As I lay in the hospital, I thought for the first time about my future. Never had I really cared before about what was to come in my life. As I stared at my arm, hurt and fear throbbed in my heart. I then realized the lives I had damaged of the people I loved the most. I needed to say those four words that I had never thought I would say in my lifetime. “Help me, I’m sick.”
As always my mom was by my side in that hospital room. So I turned to her and for the first time broke the silence of all the suffering I had endured. I confided in her that I was scared of dying because secretly I embraced life. “Please find me a place that I can go to get help for my cutting”, I pressed. Being the pillar that she was and is, my mom took my hand and ran her hand through my hair, “I’m on it.”
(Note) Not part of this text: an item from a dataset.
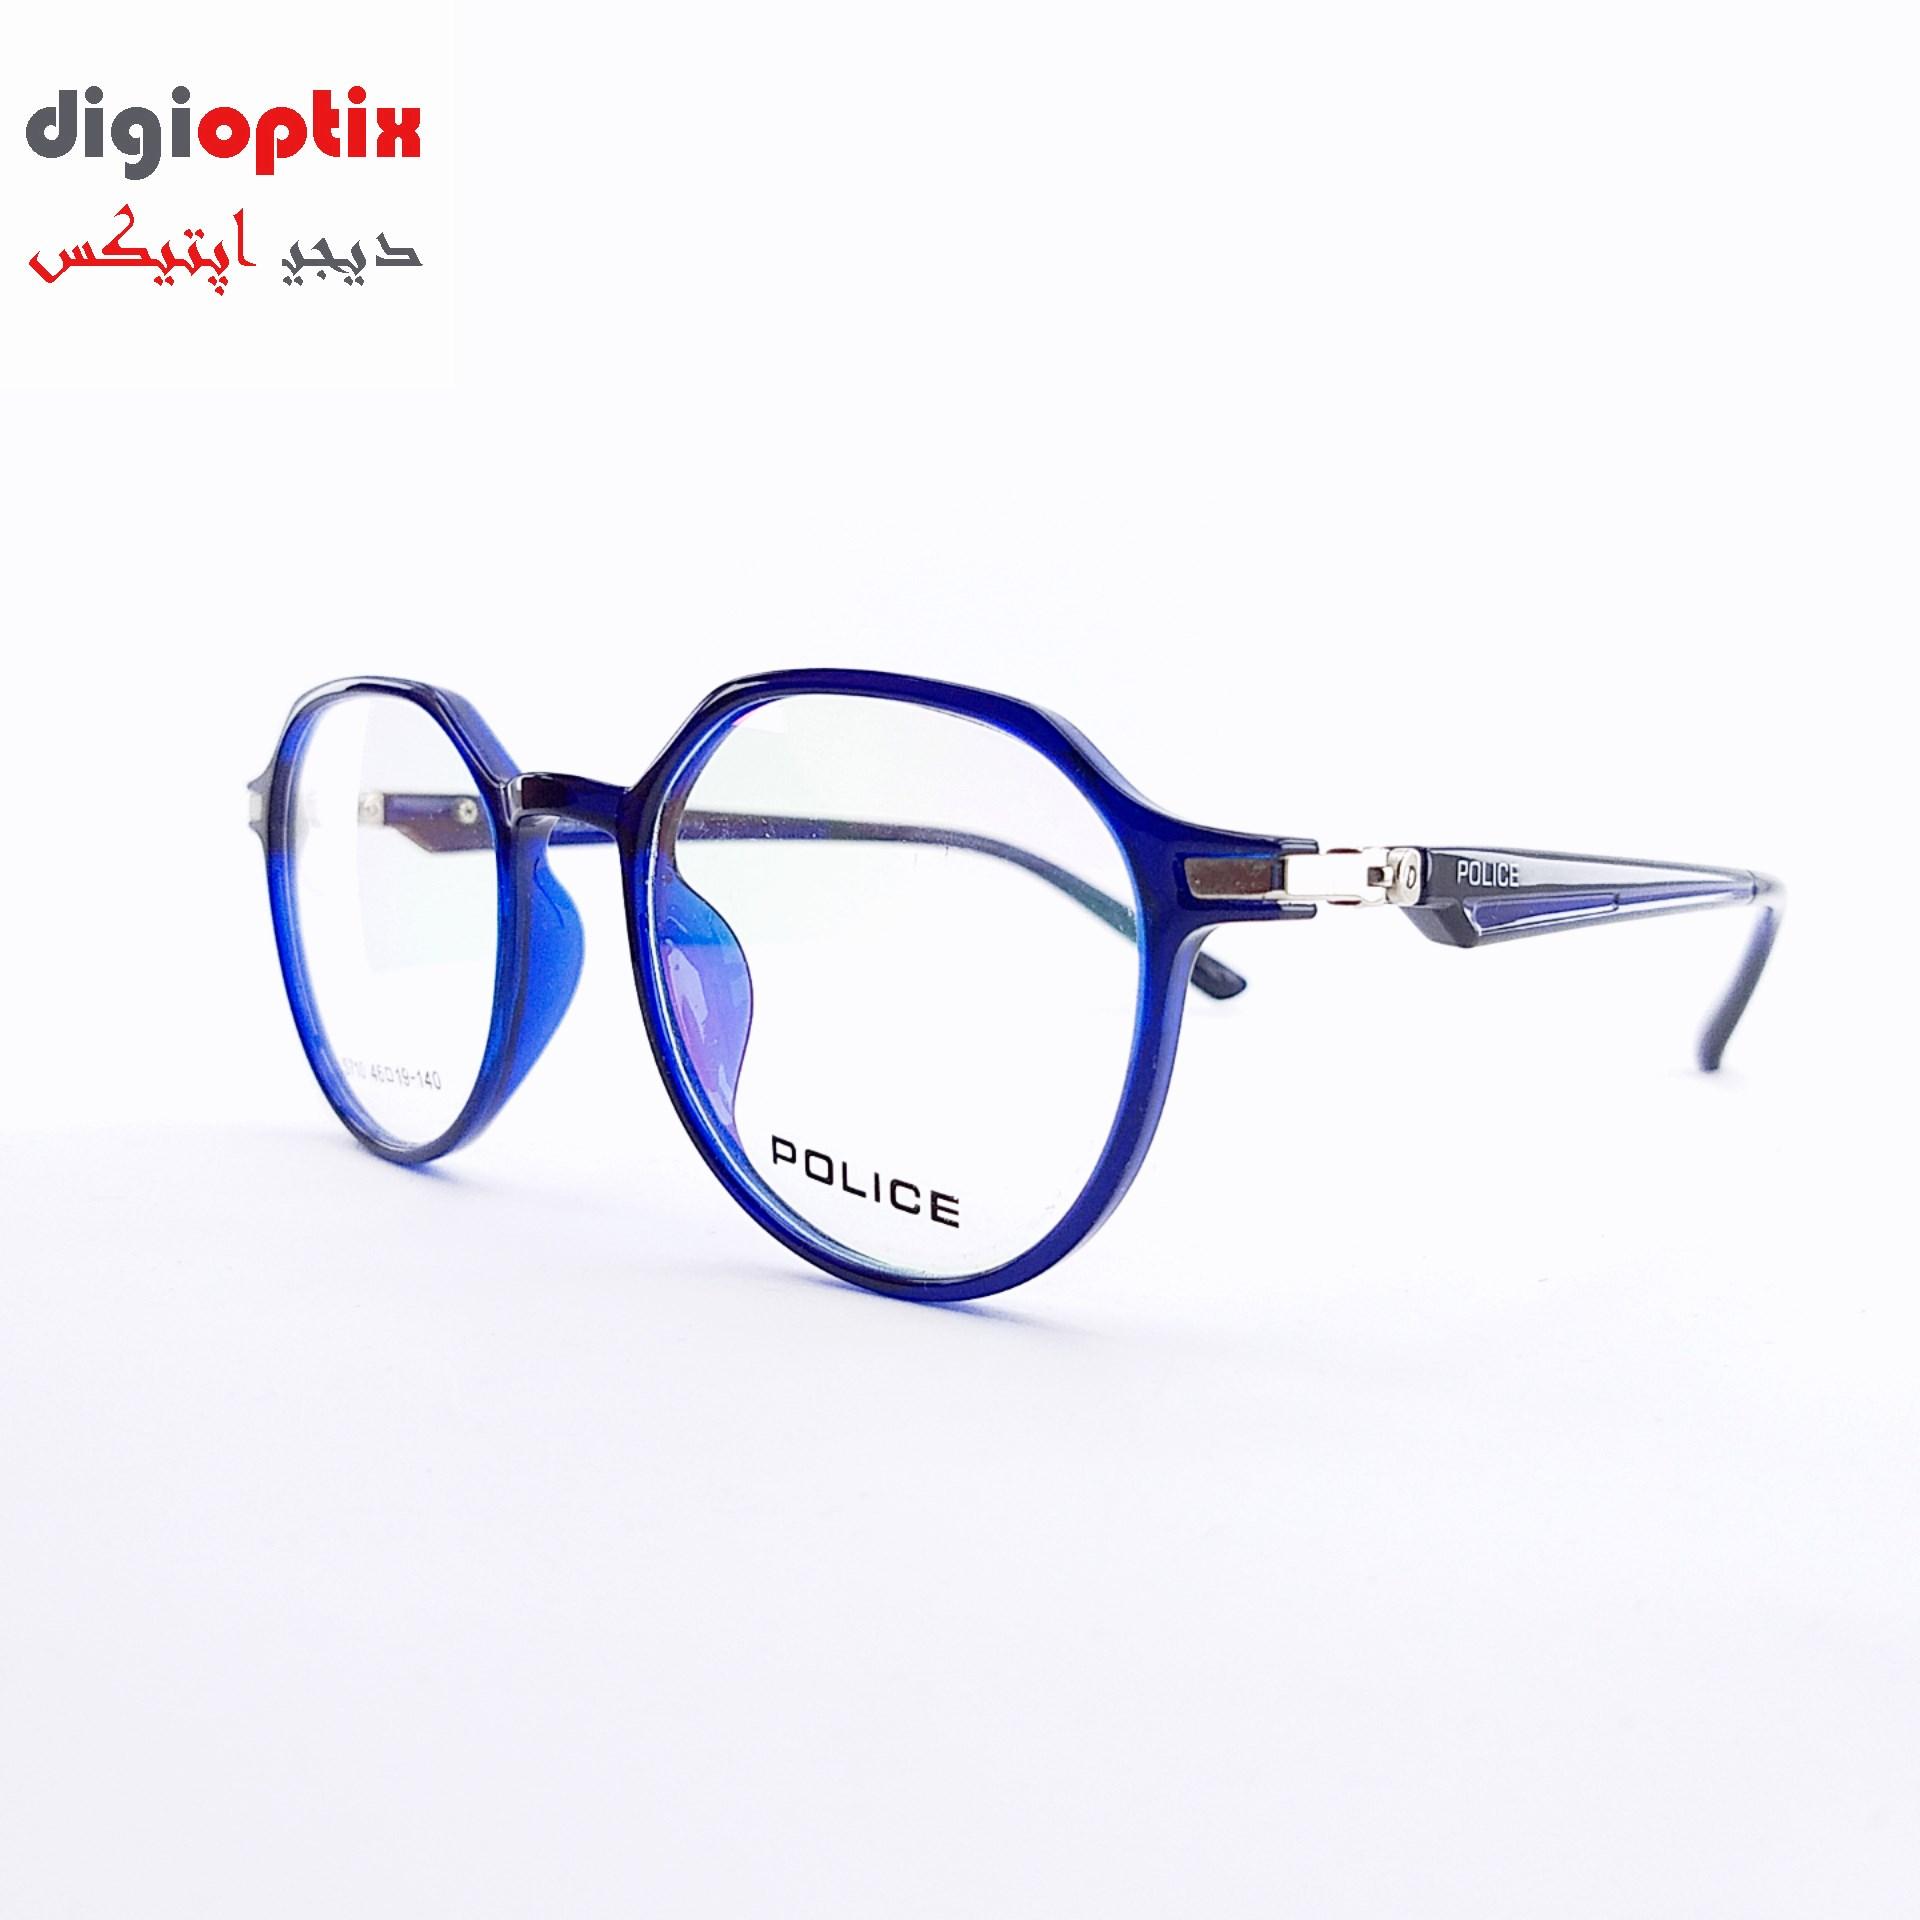 فریم عینک طبی مارک POLICE رنگ آبی مدل S-710

Because of my cut I was sent to the psychiatric hospital yet again. This time, unlike the others, I had determination with the glimpse of a goal. That first day during visiting hours my mom and dad came in to see me with smiles on their faces. They filled me in on research they had done the night before about a hospital in Chicago called S.A.F.E Alternatives. It was the place for people who wanted to stop self-injuring. At that moment, without any hesitancy I agreed to give the place a call.
A short time after discharge from the hospital, I found myself with my suitcase in hand boarding a plane bound for Chicago. Upon arrival, the totality of what I was taking on built up and my whole being quivered with anxiety, but unlike other times I pressed on. Slowly but surely, I took my first step into recovery. That month in Chicago was some of the hardest work I have ever done in my life. Every day, all day, I sifted through my past, present and future in seven hours of therapy. I worked like I had never worked before helping myself heal, learn and grow. The transformation that happened was life altering.
The year was 2001 when I spent the month at S.A.F.E. and it is with tears in my eyes that I can proudly say I have been injury free ever since. It seems like a lifetime ago, these last 12 years, since I have cut. The remnants from those days of suffering that stick with me the most are the physical scars I see daily running up and down my arms. The difference is today I have learned to see them not as a failure, but as war wounds and signs of triumph. Today I can truly say to myself, “I love you,” and mean it.